French advertising network, Publicis Groupe, has reported strong first quarter revenues and record new business wins and said it sees some encouraging signs in the development of the market.
The figures were also boosted by the more favourable exchange rates of the euro against the dollar and the sterling pound. On a constant currency basis, revenues were slightly lower than the prior year, a decrease of 1.2%, which nevertheless shows a relative improvement in business compared to recent periods, says Publicis.
Business in the US was firm although some advertisers held back on investments because of the Iraq conflict. In Europe several markets including Germany, the Netherlands, Spain and Italy remained soft spots (as did Brazil). A very similar picture was painted by rival group Havas in its Q1 results (see Havas Revenues Show Weak UK And US, No Recovery Until 2004).

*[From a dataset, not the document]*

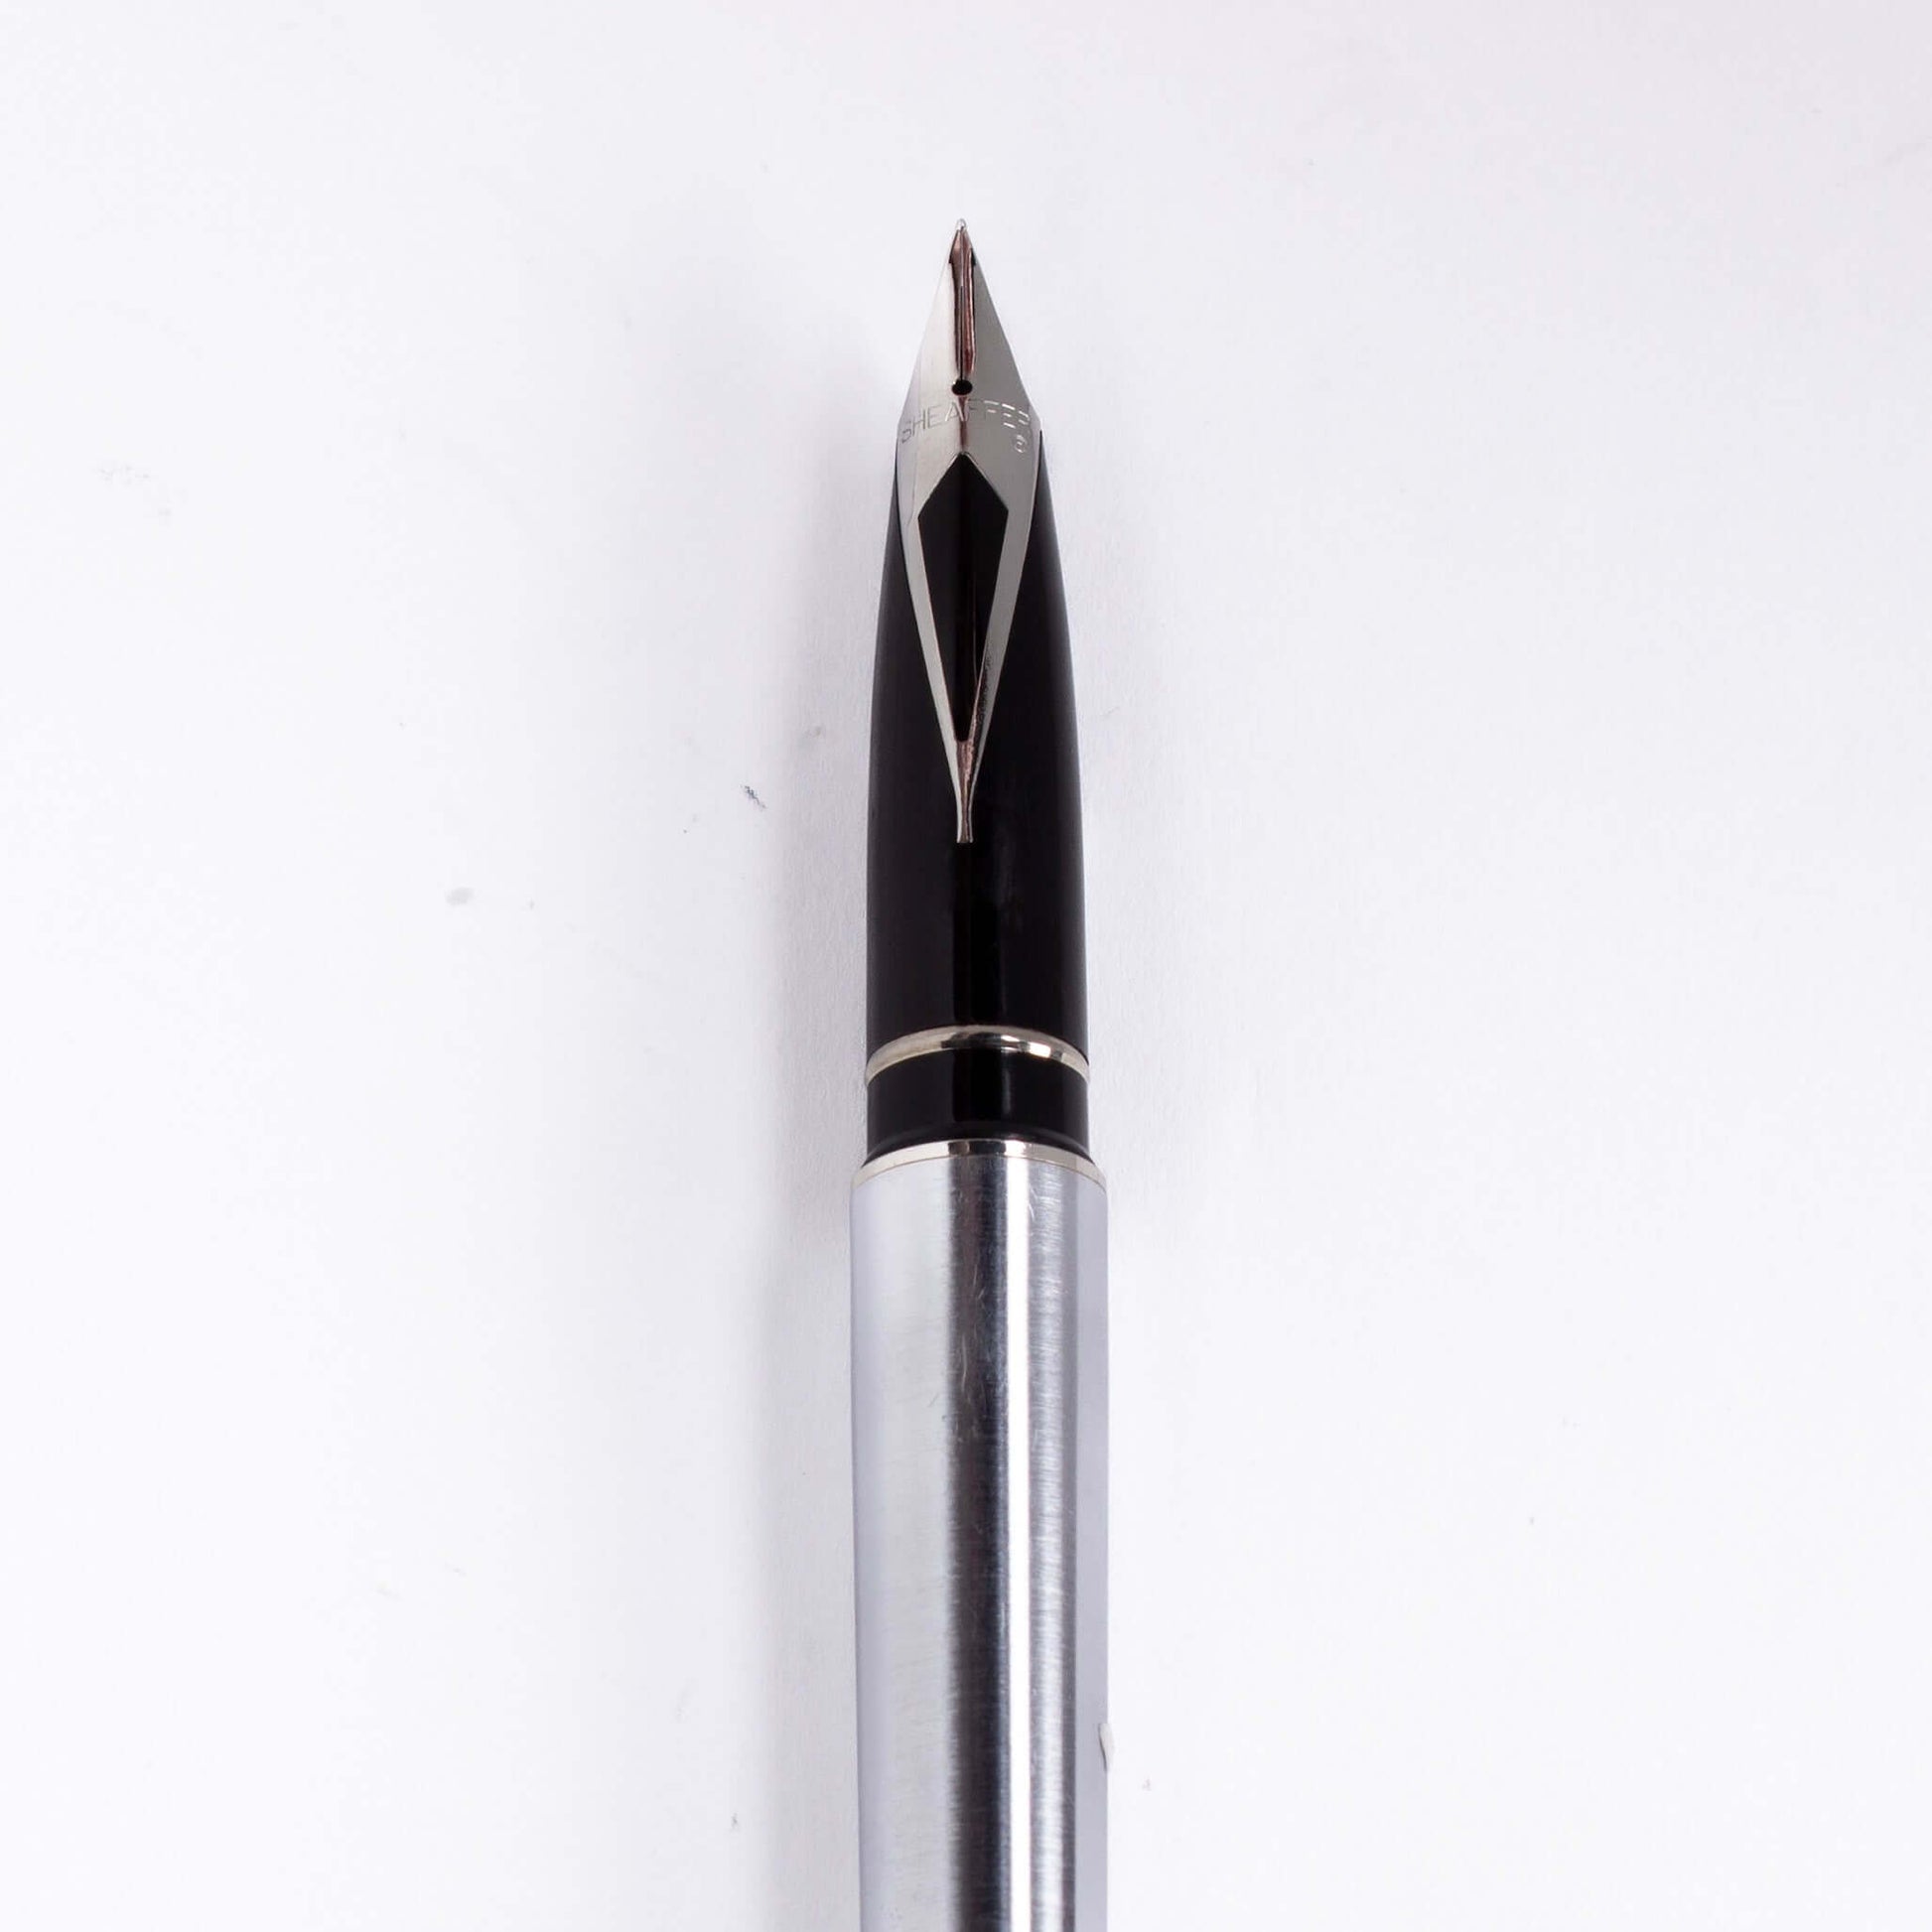 ${titleName/Type: Sheaffer Targa Manufacture Year: 1980's Length: 5 5/16 Filling System: Sheaffer Cartridges or Converter Color/Pattern: Brushed Chrome Nib Type/Condition and remarks: Fine Steel nib Condition: ﻿Excellent condition, no dents, dings, or cra
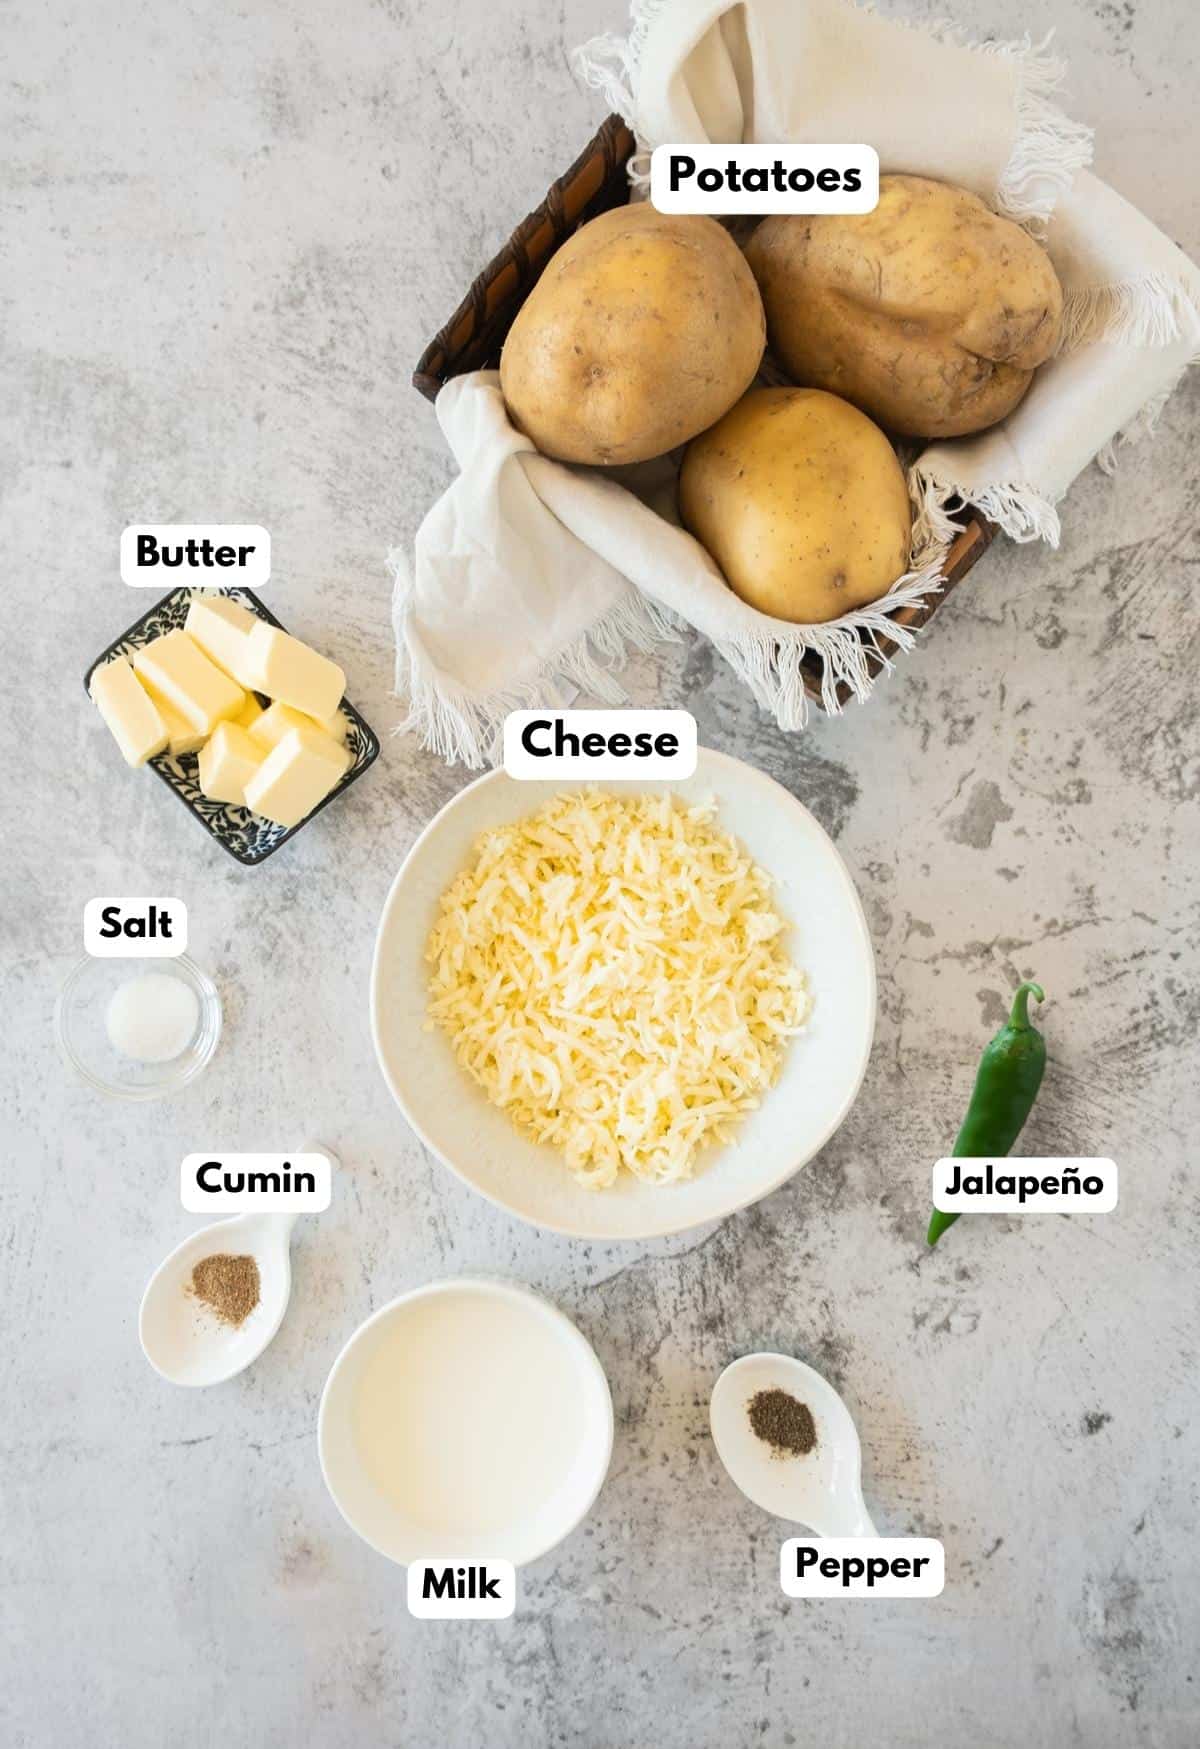 The ingredients needed to make the recipe.

Chairman Maurice Lévy said: “Despite first quarter visibility obscured by the uncertainties caused by the war in Iraq, some encouraging signs were sighted in the first three months of this year. This included confirmation of some positive signs in the US advertising market which were detected in the final quarter of last year, as well as very encouraging growth in the Asia-Pacific region. Depressed markets in several European countries, however, mean that the global market is slightly down.”
Figures compiled by Lehman Brothers show that in terms of organic growth rates, Publicis is behind market leaders Omnicom and WPP, but stronger than Interpublic Group and Havas.
Publicis is the world’s fourth-largest advertising and communications organisation.